Opinión

Tierra de lujo

Galicia merece ser comida a besos. Emborracharse de ella hasta la extenuación. Estamos tan hechos a ella los gallegos que pudiera pensarse que pecamos de ingratos por no dar las gracias cada día por vivir dentro de ella. Suelen ser los foráneos del resto de España -y no digamos ya los de otros países- los que nos cantan las alabanzas de la tierra gallega. ¡Qué lujo! Pueden hablar de las rías, que unas veces se presentan claras y en días de cielo fulgente y otras se cubren del manto trémulo de la niebla, cobijo de la santa compaña. Esas manos de tierra entre cuyos dedos sostienen las mejores playas del mundo, de arena tan fina y vegetación que se asoma impudorosa casi hasta la ola. O pueden maravillarse con el encanto de los pueblos marineros de baldosas húmedas y olor a sal y a nasas, entre cuyas callejuelas uno puede perderse y remontarse siglos atrás, como si el tiempo moderno no hubiese pasado nunca por allí. Buscar la sombra de sus piedras para sofocar el calor del día, justo hasta ese instante en que el atardecer fresco alivia el termómetro para hacer placentero el descanso nocturno. 

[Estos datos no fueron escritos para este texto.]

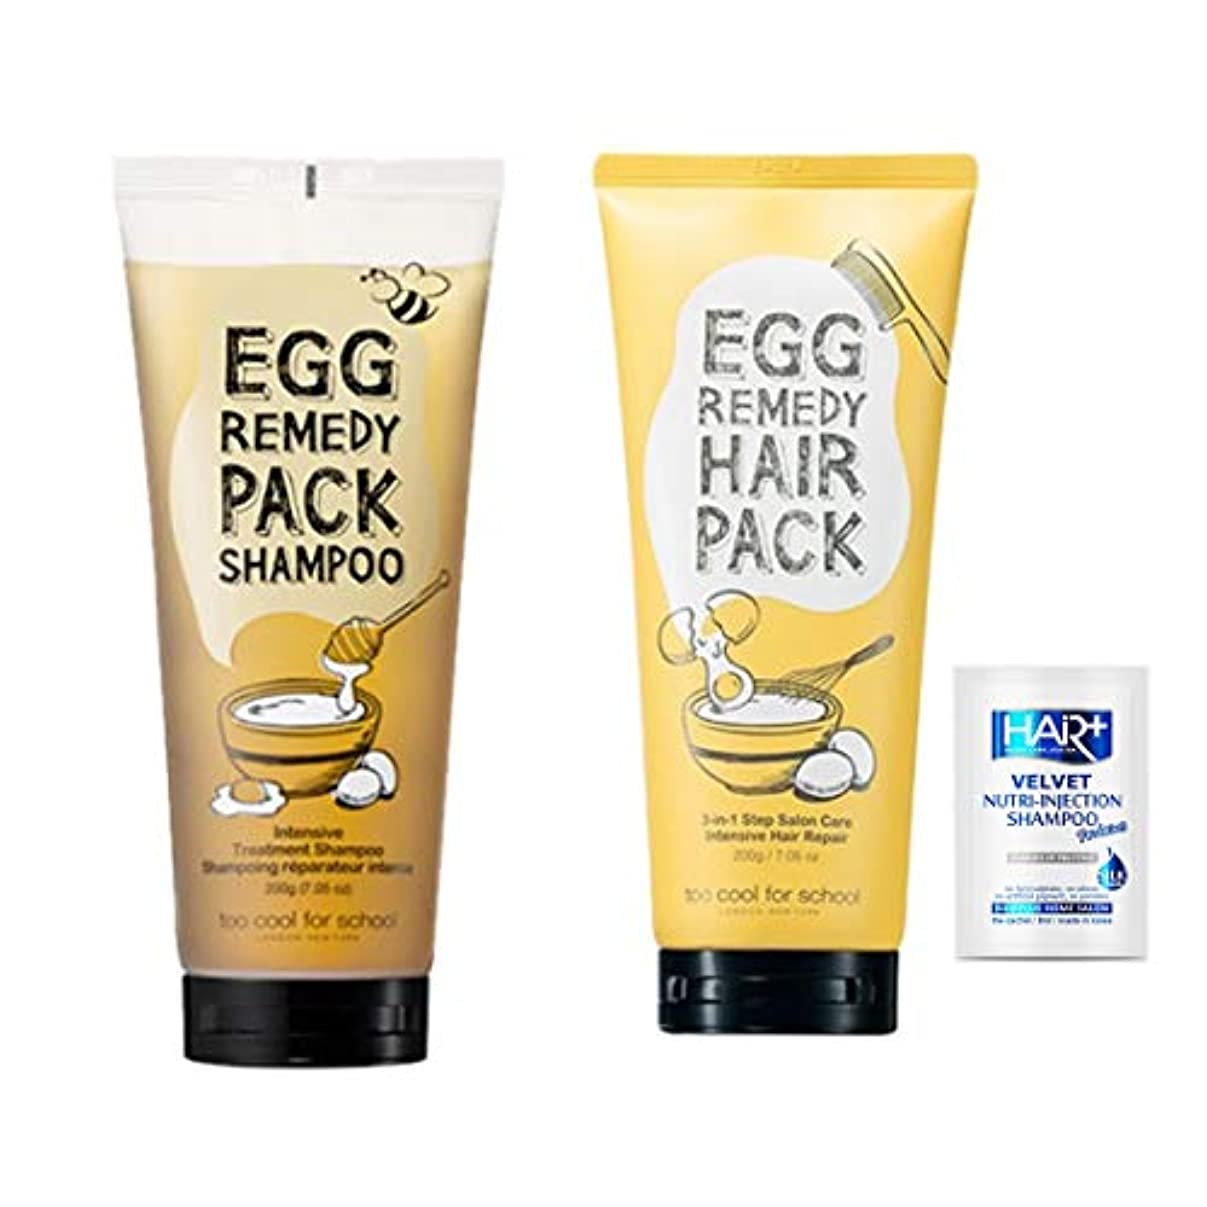 壮大確執プレゼントゥークールフォ―スクール(too cool for school)/エッグレミディパックシャンプーtoo cool for school Egg Remedy Pack Shampoo 200ml + エッグレミディヘアパック...

Galicia le regala al mar su mejor cara porque sabe que éste esculpió en ella la mano de dios, y solo las vidas que en ocasiones aquél se cobra embravecido como tributo al manjar que nos ofrece tiñen de drama inconsolable tanta belleza. Y por aquí decimos que sí, que es verdad que tenemos la mejor costa, pero lo decimos en voz baja, casi sin querer, porque no queremos que esto se convierta en un destino de masas, de vacaciones low cost y torres de apartamentos con balcones/trampolín sobre piscinas regadas de ginebra. Para eso no vengan nunca. Por eso por aquí tenemos también un clima inteligente, muy gallego, pues responde con un no sé, depende, cuando le preguntan si va a hacer buen tiempo. Y entonces las masas que anhelan doce horas de sol al día, treinta días al mes, se van a otros lugares, y es que no entienden que un día te torres y al día siguiente el cuerpo te pida un plumífero en mitad del mes de agosto. ¡Pues claro!

Pero no sólo la costa encandila. Galicia también es montaña, nieve y piedra monacal. Es bosque frondoso, es regato que juguetea entre prados. Es la tierra de las bancadas de viñedos y de los bosques de carballos y castaños. Sus ciudades de interior no ofrecen el mar al visitante por no quitarle protagonismo a sus primas de la costa, tan cercanas no obstante, que por aquí decimos que la playa de Samil de Vigo es tan ancha que llega hasta la mismísima catedral de Ourense. En el interior no tenemos la brisa marina, por eso muchas veces somos los primeros de España en marcar las temperaturas más altas, cosa que al viajero despistado sorprende -¿pero esto no era el norte de España?, pregunta asombrado-; sí, es un norte, pero depende. Un norte gallego del interior, para que me entiendas. Pero no entienden, claro, y superada de una vez la tentación absurda de «refrescarse» en As Burgas (otra maravilla que se nos hace tan cotidiana») se pierden por la zona vieja y se prenden de su encanto. Es curioso, nos seguimos sorprendiendo cuando vemos a grupos de turistas extranjeros callejeando por la ciudad. Pero al tiempo nos resultan amigables, como si los estuviésemos esperando toda la vida. Será porque aún no somos (afortunadamente) pasto de hordas de turismo de baja estofa. 

Ahí debe radicar el secreto de la promoción de esta tierra. Acoger al visitante sin perder la esencia que nos hace únicos. No hace falta que garanticemos sol, para eso ya están otros; por aquí priman otros valores, otras esencias, que tienen mucho que ver con el milagro que se produjo cuando a los dioses se les dio por esculpir este rincón mágico del mundo llamado Galicia. Todo un lujo para los sentidos.